The more I come to know PowerPivot, the more I believe that modelled data warehouses‘ days are numbered. I didn’t say data warehouses per se, rather those that attempt to centrally model end user reporting structures (usually as star-schemas).

There will continue to be a need for centrally controlled data warehouses (or at least simplified data views (and/or copies) of operational datasets, either provided by system vendors of by in-house IT) to bridge the raw-to-actionable data gap. But I suspect the emphasis will change from providing finished goods to providing semi-processed raw materials.

So, will the star-schema become redundant? No, as it’s still a valid method of modelling a reporting requirement in order to make many queries simpler to phrase (this obviously applies to SQL , but also to DAX queries). But, those who build them will be doing so closer to the problem at hand, and specific to that problem (I’ve discussed this before in http://blog.gobansaor.com/2011/01/08/slowly-changing-dimensions-time-to-stop-worrying/).

For many reports the barely modified operational data model will be all that’s required (for example, DAX doesn’t require “fact” header/detail tables to be flattened to detail level, as would be the case with a classic star).

“Good Enough” models will become the norm; classic “Everything You Ever Wanted to Know” centralised models a luxury for most (especially as such models tend to “age” very quickly).

If you’re about to invest or re-furbish your data warehouse or your reporting data sub-systems, don’t do so without first taking a serious look at PowerPivot. This is a game-changer, not just for full-stack Microsoft BI shops, but for any business that finds that their reporting datasets invariably end-up in Excel.

If you need any help evaluating PowerPivot or modelling your reporting needs in PowerPivot,  I’m for hire.

Update:

Just in case you think I’m an dimensional-model un-believer or likely to abandon my star-schema roots read this….

Star Schemas: to explore strange new conformed dimensions, to seek out new measures, to boldly go where no Excel spreadsheet has gone before.

Advertisements

12 responses to “Death of the Star Schema?

  1. I think star schemas, if anything, will be on the rise once Excel folks discover the benefits they offer in cases like Sales vs. Actuals, as described at a high level in two of my recent posts.

    That said, I 100% agree with your stance that DW’s are going to be much more about raw materials than finished product. I’m right there, preaching the same message. I’d just suggest that star schemas don’t require a lot of carefully planned effort, they are very much compatible with the “raw materials” approach, and they provide real benefit to the Excel audience. Snowflake schemas, however… those might be REALLY dead 🙂

  2. @Rob, Yes, you’re right, more people will see the benefit of a star like models, but the difference from the past will be their (the models’) just-in-time, problem-specific nature. Too much money and good-will was wasted in the past trying to second-guess the future needs of businesses. Give your datasmiths the data (cleansed and simplified if need be) and also make sure they understand its meaning and potential, and let ’em loose …

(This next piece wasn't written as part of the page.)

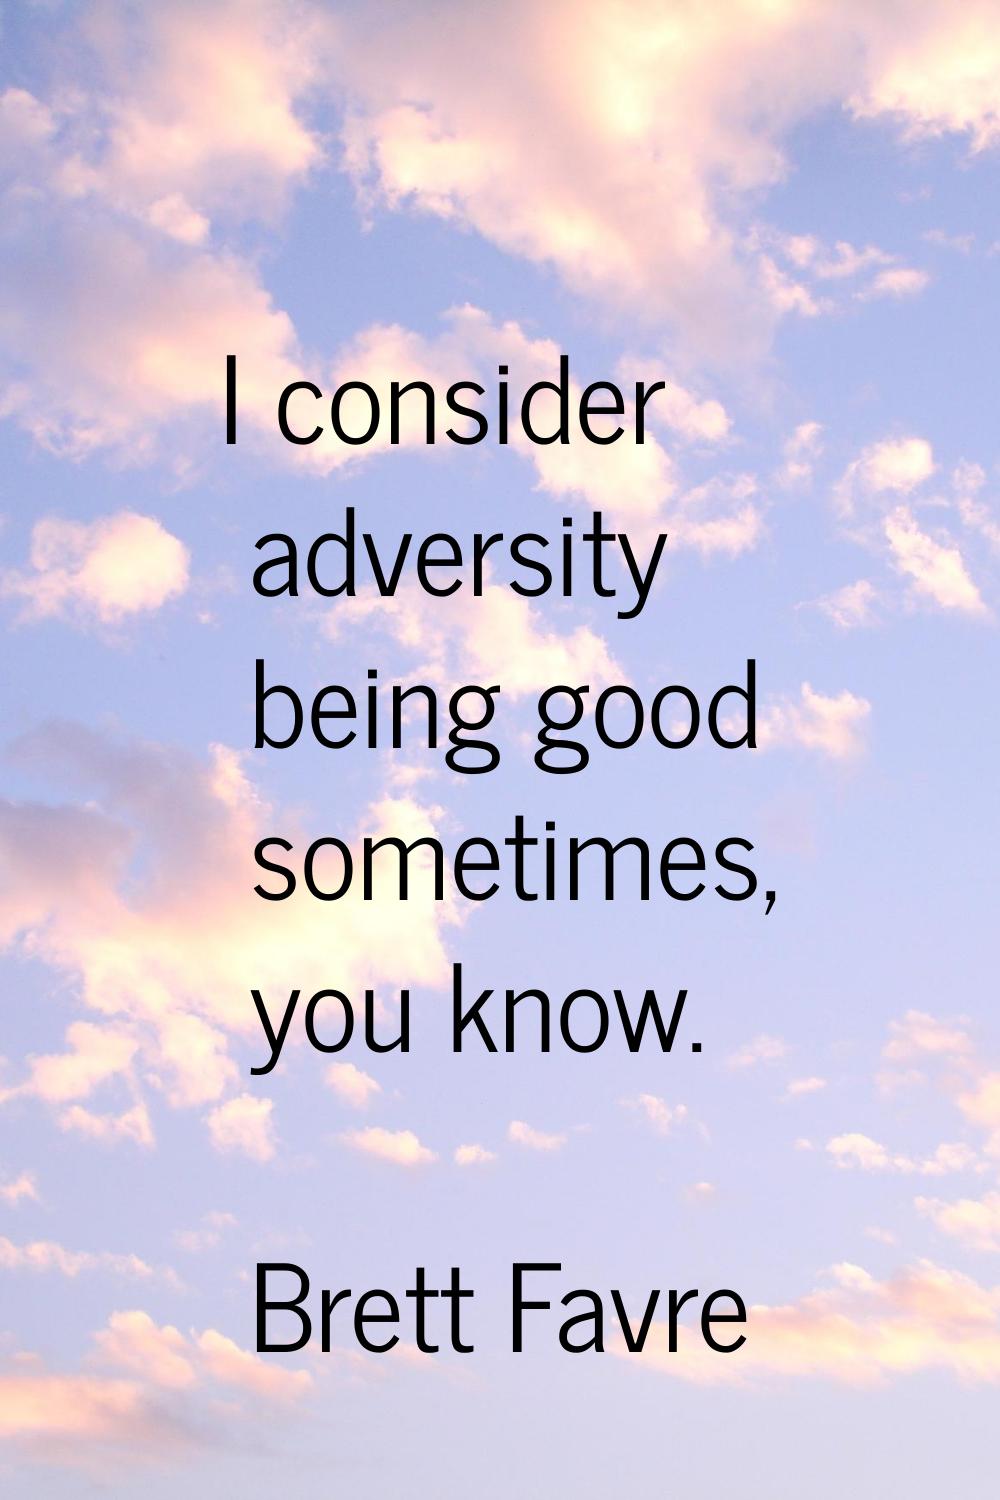 I consider adversity being good sometimes, you know.

  3. From the users (or business developers) perspective, the concepts of the star schema are inherent in how they (we) think about data. For example a subject area with things we know about (whether we call them attributes, fields, columns…). If anything, tabular makes this easier to model due to the underlying relationship functionality, so even if the data is not loaded as a star, it will be presented as one. So the schema will gain ground.

    For me, powerpivot breaks ground for the end user because it removes reliance on the modelled data warehouse by providing the ability to combine large information from several sources (something which IT as the custodians of the data warehouse are notoriously slow and expensive for). This could potentially see a changing of the ‘information guard’ as the warehouse lager of information needs rather than the leader.

  4. @Paul

    Yes, agree with both points.

    But there’s also a significant number of users (and business developers) who understand (or are capable of understanding) OLTP schemas and there are many who today report successfully against such schemas using SQL or SQL generating tools such as Business Objects.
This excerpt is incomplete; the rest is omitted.